Although the technique is meant to be less invasive and gentler, it may in fact damage the vein and lead to heart attacks, the researchers reported in the New England Journal of Medicine.

About 70 percent of bypass patients now have their leg vein removed endoscopically, in part because it produces much less scarring and infection to the leg than the traditional method, known as "open harvesting," in which the vein is taken by directly cutting along a stretch of the leg.

Endoscopes are little cameras that can be inserted, sometimes with surgical instruments, via a small incision in the skin. They are widely used for a range of procedures and have been used for vein harvesting for 13 years.

But the study of 3,000 patients found veins removed by the endoscopic technique were significantly more likely to become clogged within a year or so.

"It's not gentle," said Dr. John Alexander of Duke University Medical Center in Durham, North Carolina, who led the study. "There's a fair amount of tugging that will vary case by case. It's certainly more traumatic to the vein than open harvesting."

At the 12- to 18-month mark, 47 percent of the patients had at least one of their bypass grafts fail, versus 38 percent for whom the blood vessels were removed by the older method. Most patients had two or three grafts.

Three years after the heart surgery, the risk of death or a non-fatal heart attack was 38 percent higher among the patients whose leg vein was removed endoscopically. The death rate alone was 52 percent higher -- 128 of the 1,753 in the endoscopic group died versus 71 of the 1,247 who had open harvesting.

"Open harvesting, though more invasive and associated with more wound complications, may be less traumatic to the vein and could result in a better conduit," Alexander and colleagues wrote in their report.
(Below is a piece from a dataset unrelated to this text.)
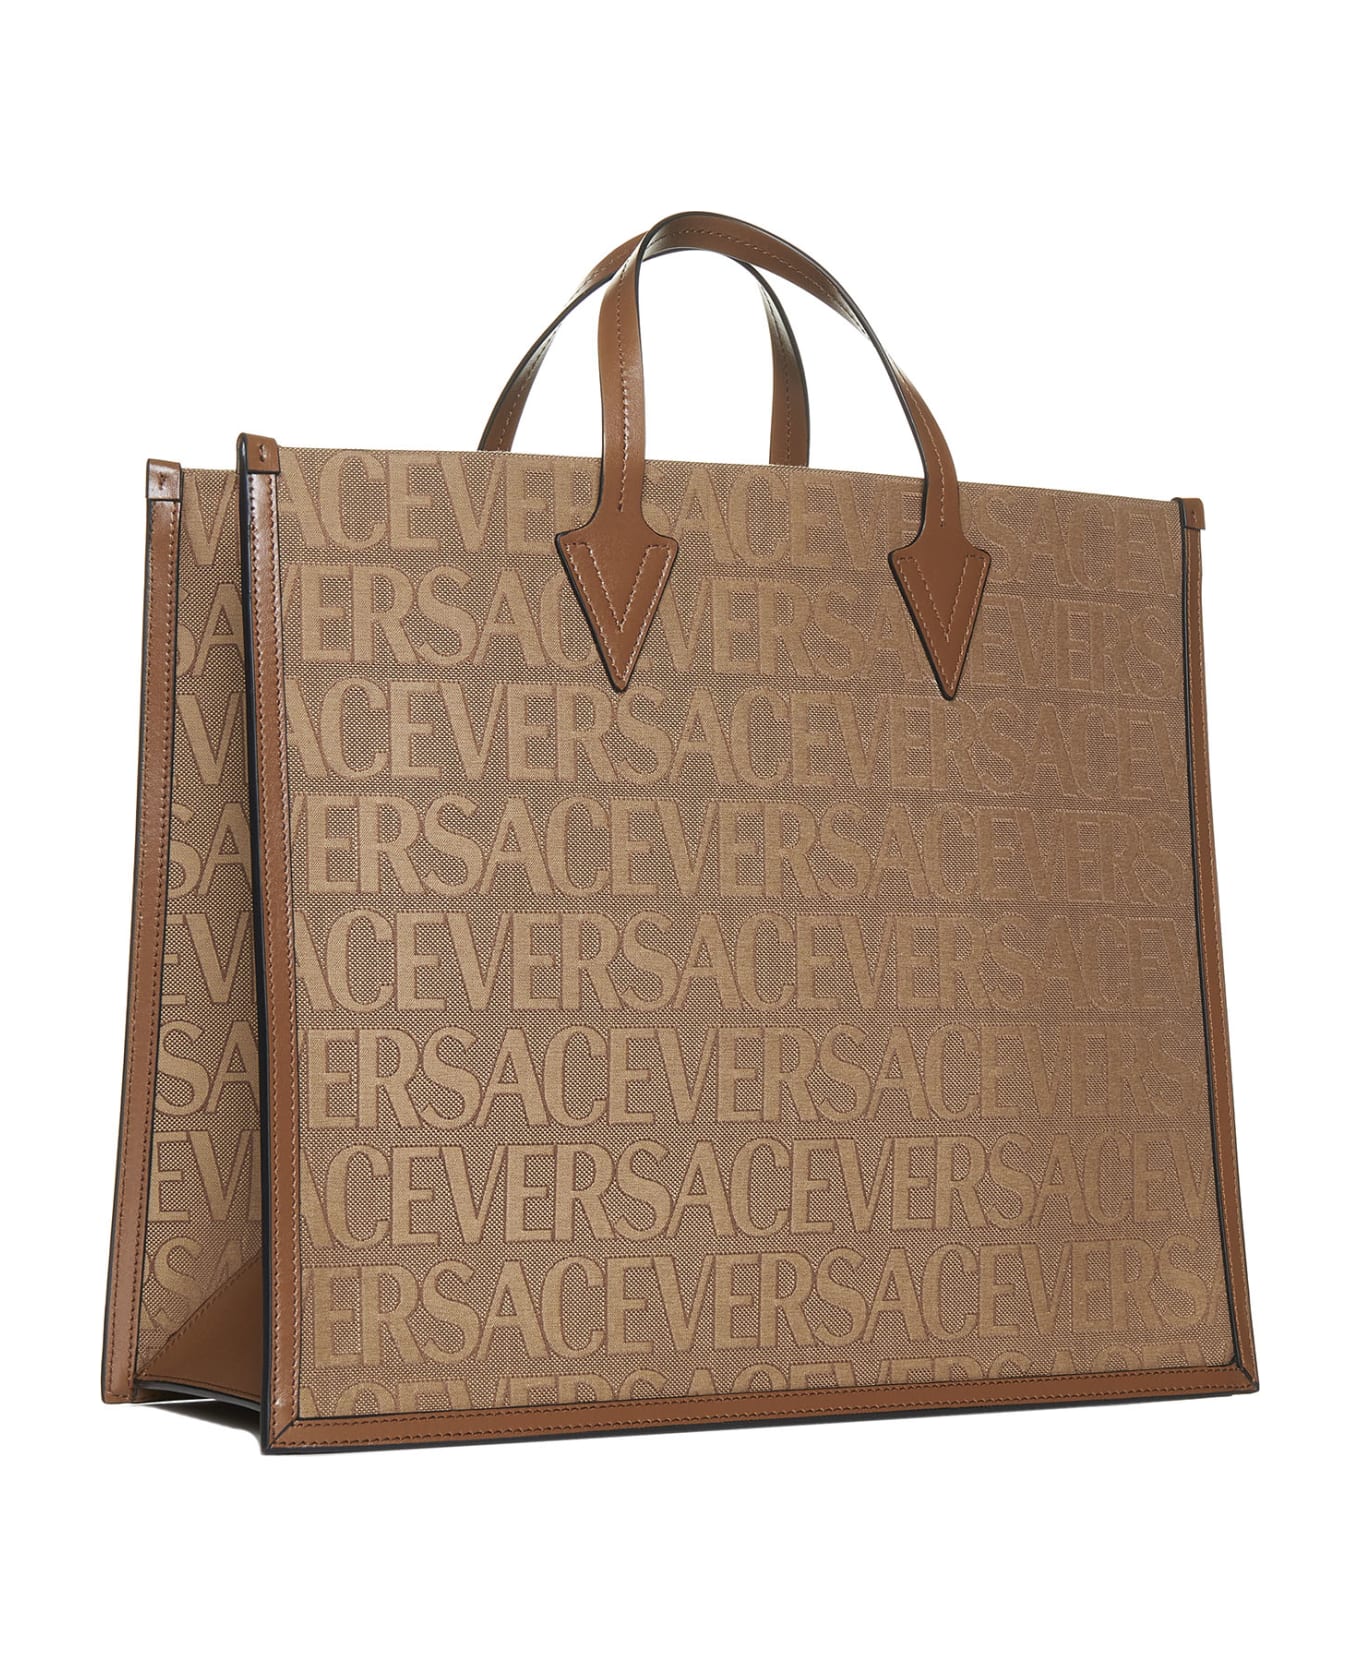 Versace 'versace Allover' Shopper Bag - Brown トートバッグ

"I think it will generate a lot of discussion and that will be healthy," Alexander said in a telephone interview. "It's important that doctors and patients weigh these long-term risks with the really-well-known short-term benefits."

When the pros and cons are explained to his patients, most still choose the endoscopic technique, he said, worrying less about the long-term risks than the short-term benefits.

"It's a huge service to patients in terms of preventing wound complications and long scars, reducing the pain and length of stay in the hospital, and improving patient satisfaction. So there are real advantages to it," he said.

Two companies, Datascope, now owned by Swedish-based Getinge AB, and Boston Scientific Corp in Massachusetts, make devices for endoscopic harvesting.

"My hope is that this will lead people to reassess exactly how we're doing endoscopic harvesting and lead to better techniques for doing it. It's not that it's all the same or that it couldn't be improved," Alexander said.